You may be giving Mr. Hendrix a lot more credit than is justified for that happy accident. Back in those days, curly cords were de rigueur. Everybody used them, and the vast majority of them were junk. It wasn't until the mid '70s when Whirlwind came out with their "Cobra" cords that you started seeing high-quality instrument cords used in music, and even then it was a while before straight cords got popular, and that only because a coiled Cobra cord weighed about 2lbs, even more when you considered the pull the coiling added. You could pull over a Marshall stack with a coiled Cobra if you weren't careful. Little combos on wheels would follow you around stage <grin>

JimiHendrix.jpg


Looky here. And stop actin' so crazy!
 
With that video and an un-trained ear, the differences are obvious.  Especially at the beginning.  I think some of that is in the editing of the order of the speakers used.  Several sounded very similar and if all of the similar ones were played after each other, you'd never hear much of a difference except when comparing the 1st and last.  A is like B is like C is like D..........but A is nothing like Z.  Like cutting fence boards and instead of measuring each one, you use the one you just cut and they progressively get longer.  What I'm getting at is, I could hear ones that i liked more than others.  The ones I didn't like, I wouldn't necessarily notice in a real world situation w/out an A/B test.
 
That is a good link for anyone who hasn't. About as differentiating are mikes, mike placements and cabinet design/build. Back when I was analog, I'd carry 4-6 different types of mikes to be able to get the FOH sound I desired.
 
jackthehack said:
Now y'all should see why my answer to any question regarding speakers is "Celestion Vintage 30s"....

Ah, but are you referring to the Vintage 30's made in England or China...?
 
ORCRiST said:
jackthehack said:
Now y'all should see why my answer to any question regarding speakers is "Celestion Vintage 30s"....
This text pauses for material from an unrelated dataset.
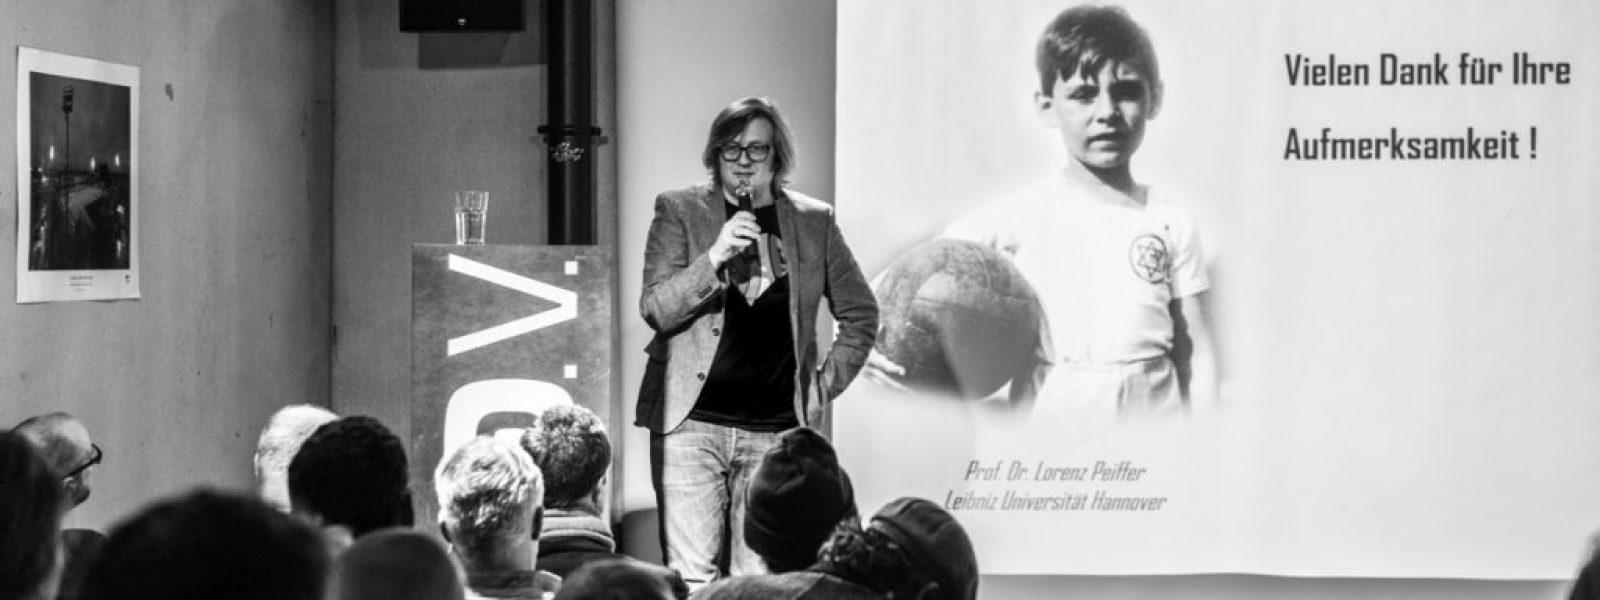 Vernissage F3R-Ausstellung (Foto Sabrina Adeline Nagel) - 14
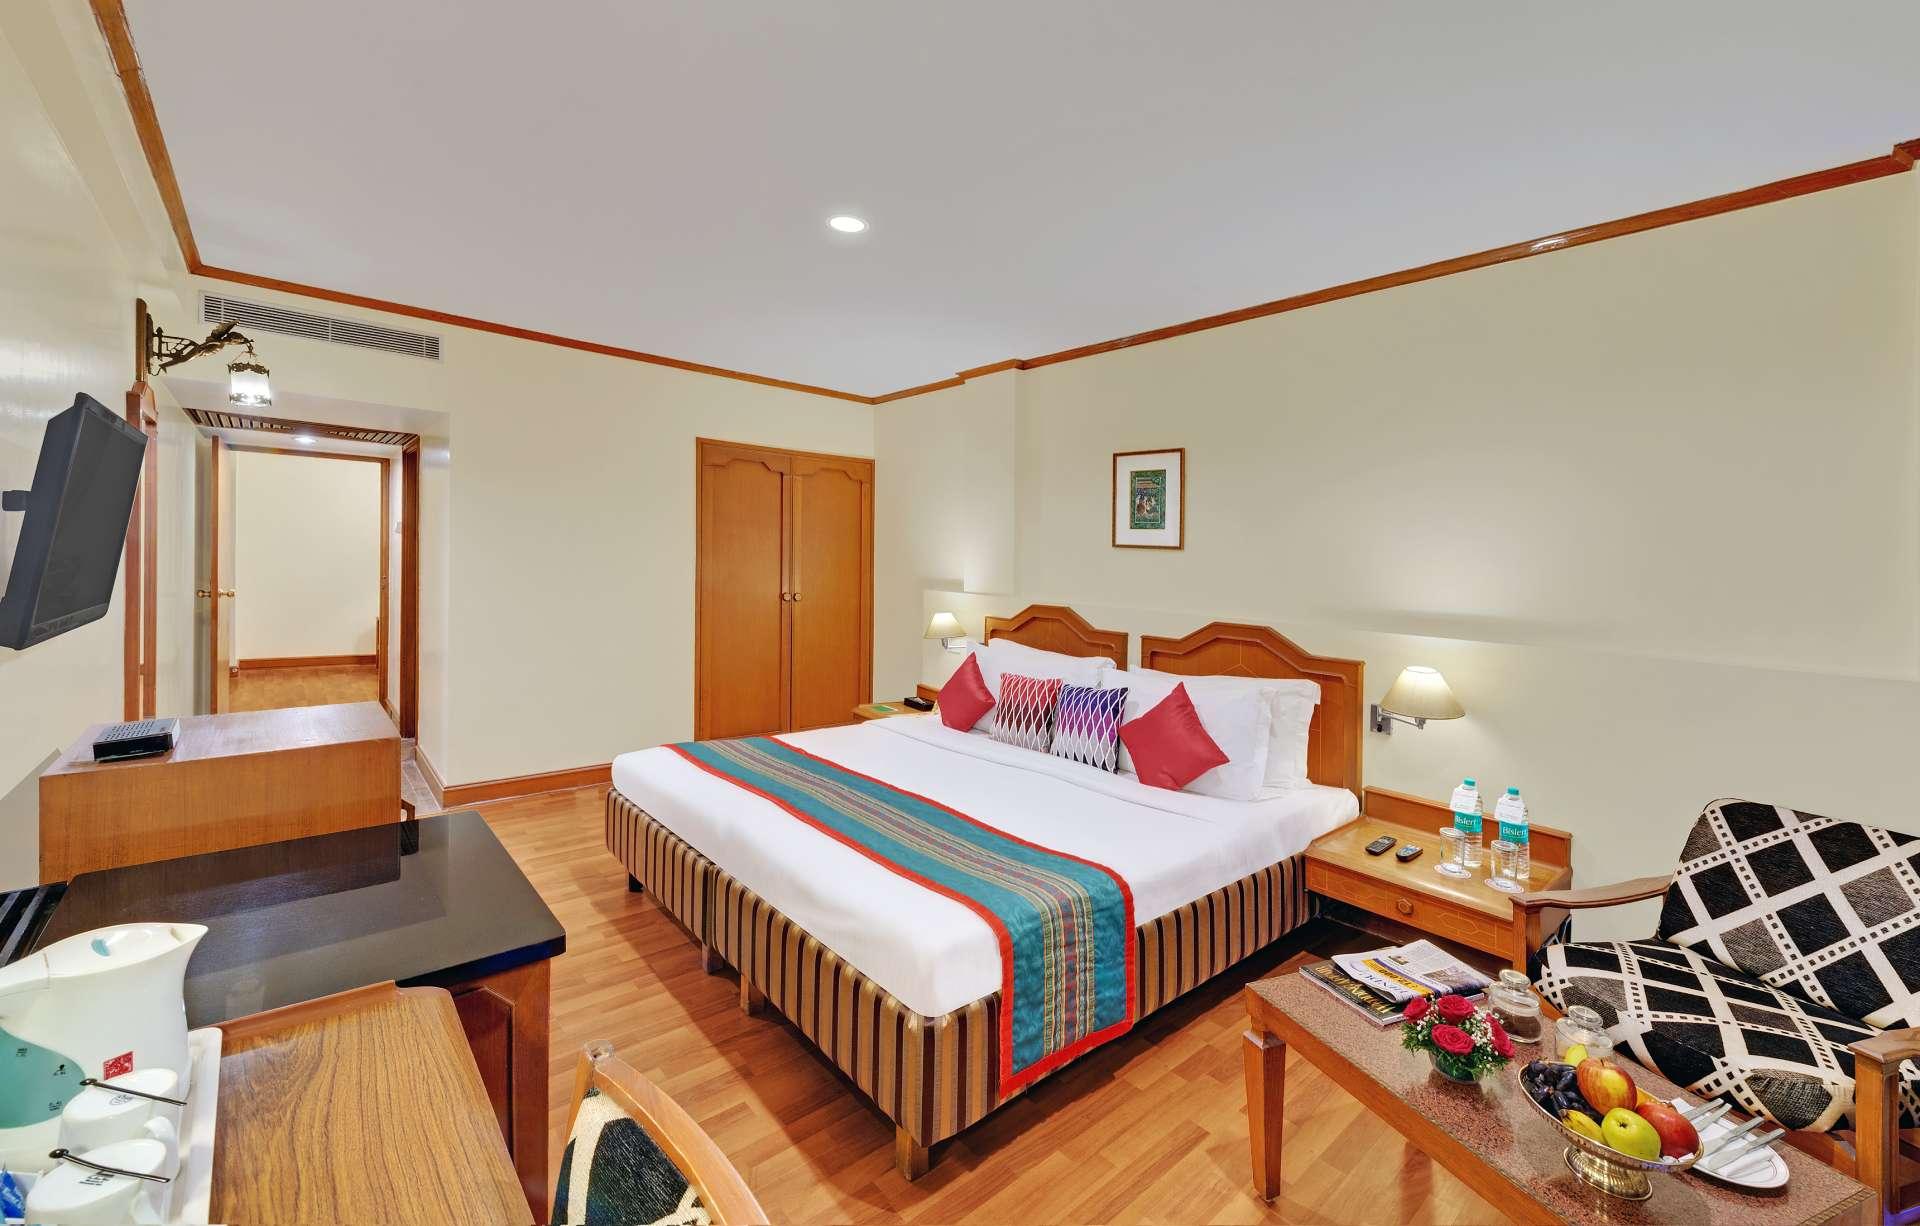 chennai executive suite ambassador pallava bed banner - The Ambassador | Heritage Hotels in Mumbai, Aurangabad, Chennai - Executive Suite

Ah, but are you referring to the Vintage 30's made in England or China...?
Or the the English Vintage 30's that are pulled based on Mesa's specified curve response after initial testing of each speaker...?  :toothy11:
 
My brother pointed out something I hadn't considered after being so excited to see somebody doing a credible test of a piece of gear. That is, the efficiency isn't shown very well because it's a YouTube recording, so there's little or no change in dynamic range or loudness from one sample to the next. In real life, a speaker that has a 95% efficiency rating and one that has a 98% rating is going to show a doubling of loudness. It's most apparent when you listen to something like the EVM-12L and whatever comes before/after it. They sound a lot more similar to each other than they should.